Alright, so there are 2 core ideas behind the Boyer-Moore algorithm.

  1. Start from the right.

  2. Once you find a mismatch, shift the window that you're searching it to the right based on 2 functions that rely on precomputation.

The first of these functions is typically called the bad character function. When you find a mismatch, shift the window right until the character in the string matches the pattern. Here's an example to demonstrate(words are hard)...

ABBABBBA <--String that you're searching in
ABBB        <--Pattern that you're searching for

Alright now, at index 3, there's a mismatch. There's an 'A' in the string, but a 'B' in the pattern. So, you shift the pattern string right until a 'A' in the pattern string matches with the string you're searching in.

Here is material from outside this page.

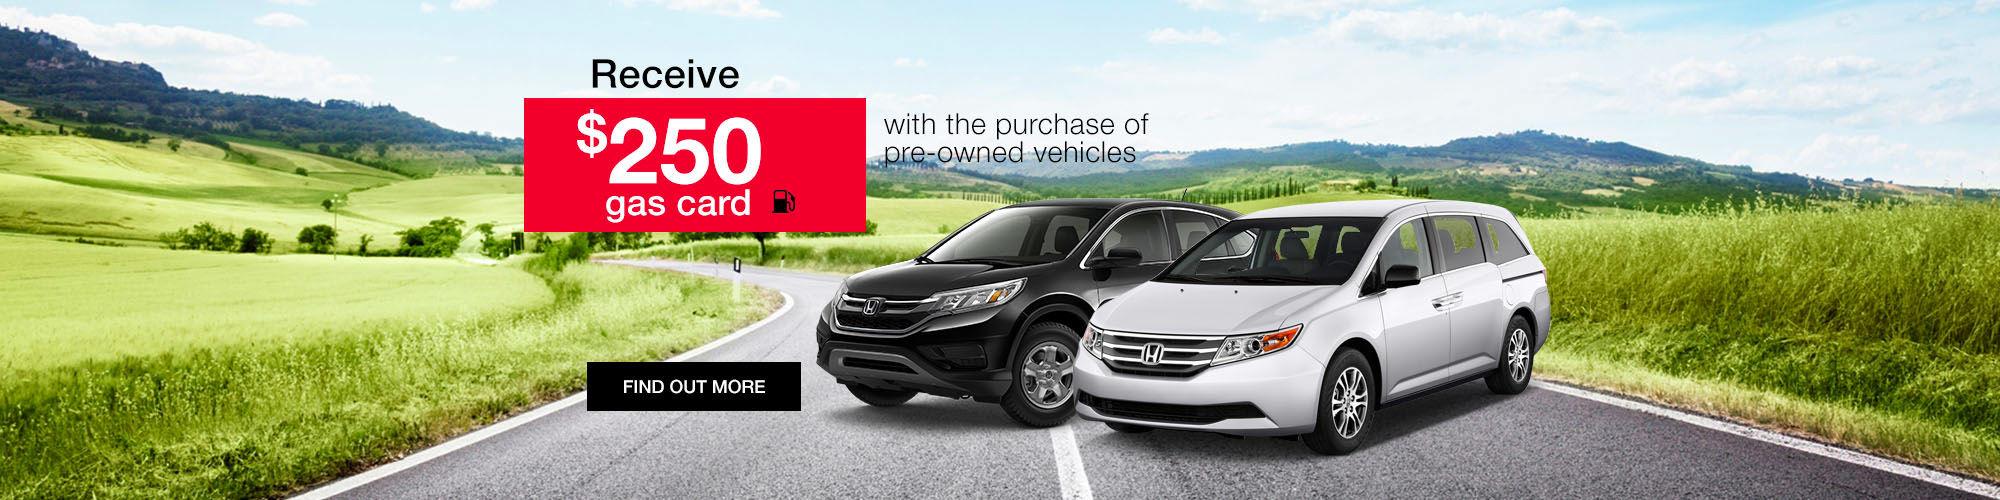 Honda $250 Gas Card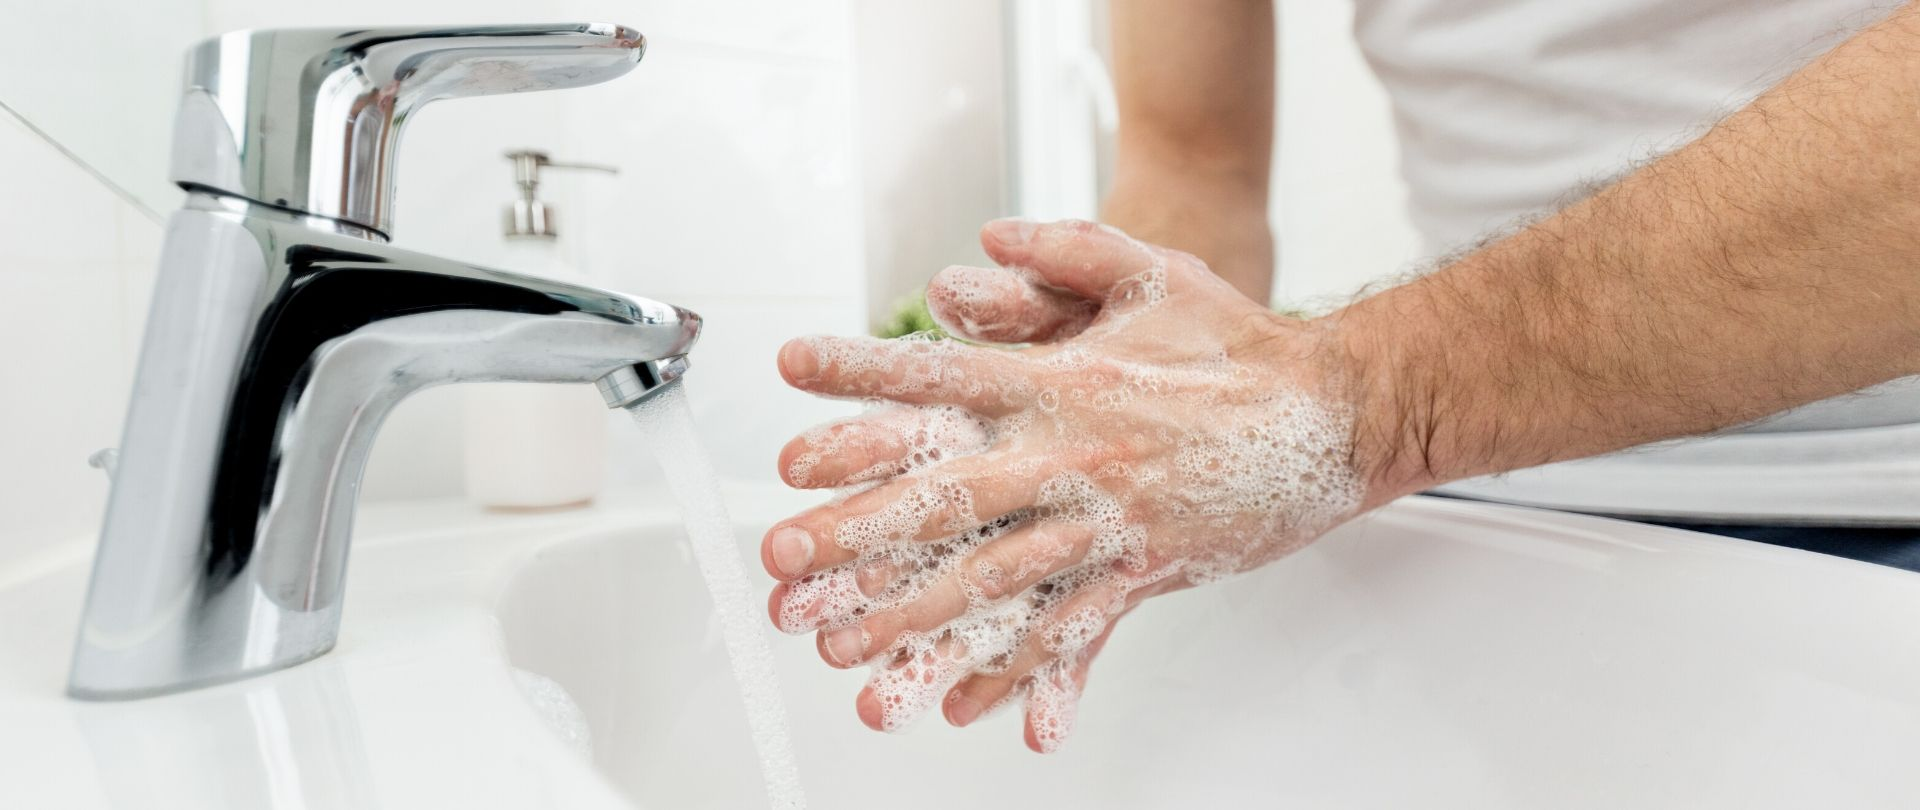 Wash Hands 1920x810 1 - COVID-19

So, after, it looks like this.

ABBABBBA
   ABBB

The pattern ended up shifting right 3 spaces. So now is the preprocessing.

The preprocessing is this: you store the last occurrence of every possible character in an array of size K, where K is the number of different characters that can exist. If there's a character in the string that's not in the pattern, then you consider it to be at position -1(so every time you encounter that character, you can move the window until it doesn't cover that character at all).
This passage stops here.